-- Task prompt --
Could every line below be transcribed exactly, with the pictures dropped?

-- Dataset extract --
*** Begin section ***
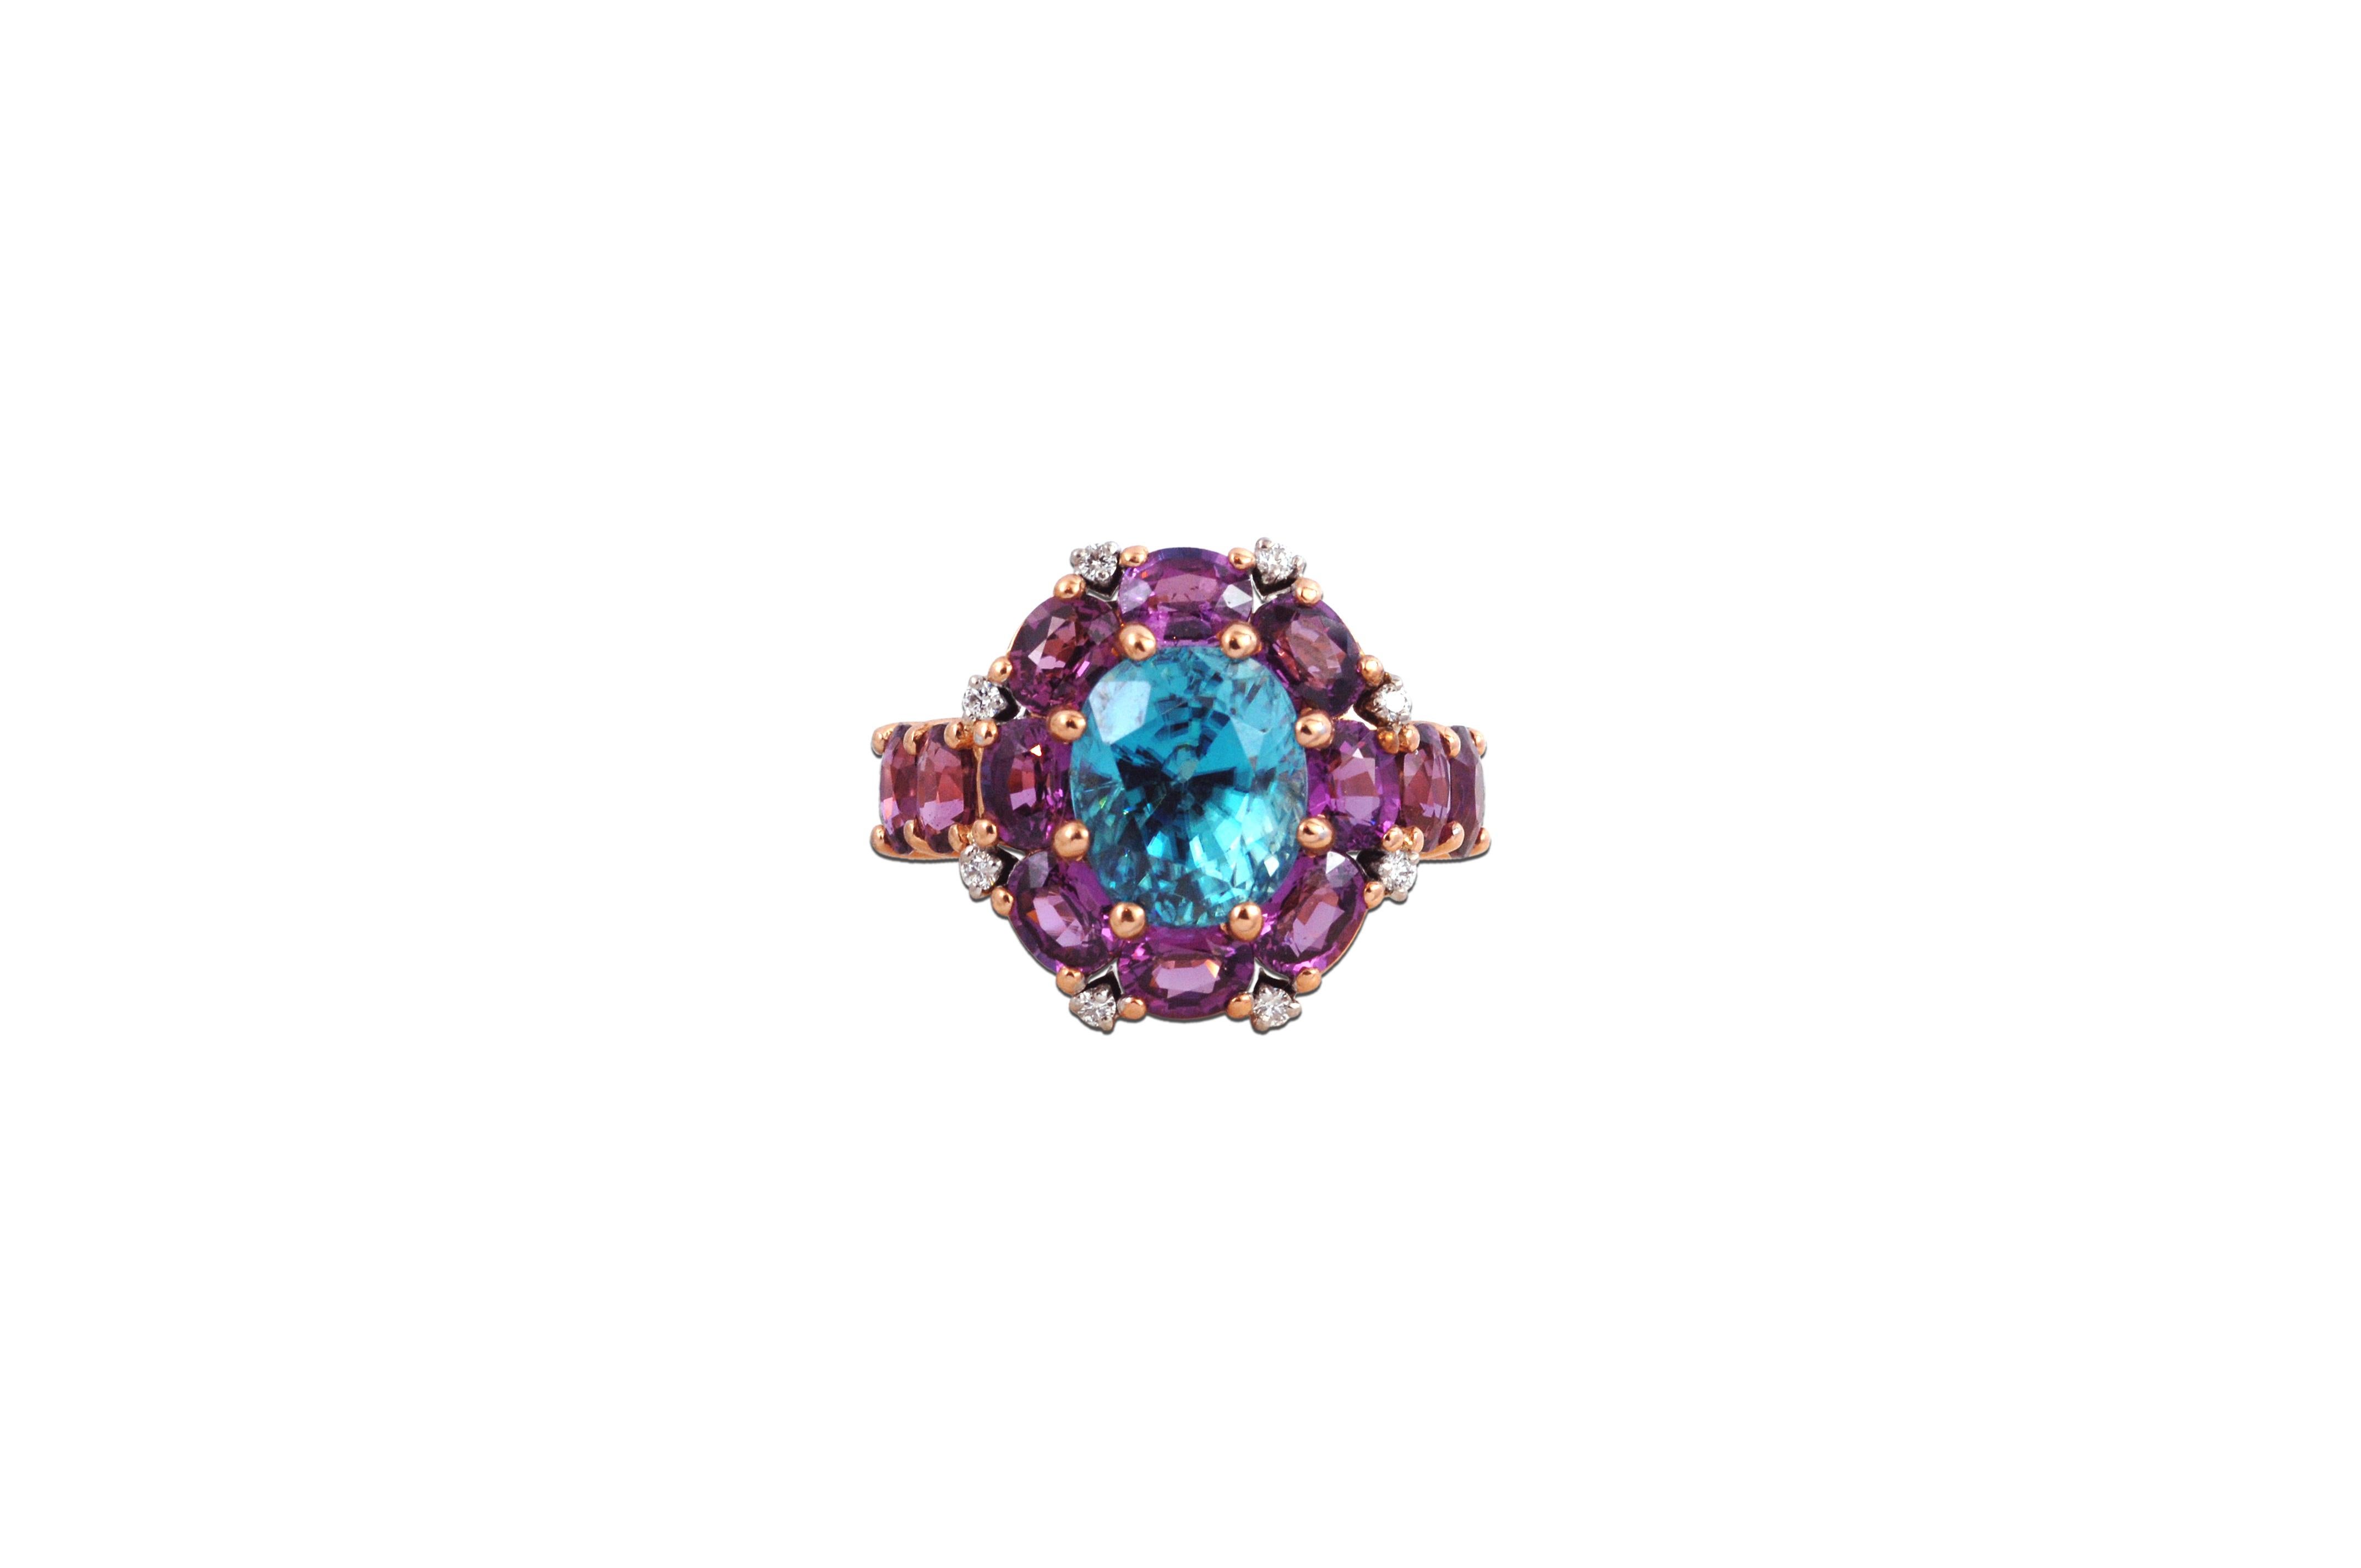 Blue Zircon 27.22 carats, Almandite 5.69 carats with Diamond 0.09 carat Ring set in 18 Karat Rose Gold Settings 

Width: 1.8 cm
Length: 1.7 cm 
Ring Size: 54
*** End section ***
-- Task output --
 Blue Zircon 27.22 carats, Almandite 5.69 carats with Diamond 0.09 carat Ring set in 18 Karat Rose Gold Settings 

Width: 1.8 cm
Length: 1.7 cm 
Ring Size: 54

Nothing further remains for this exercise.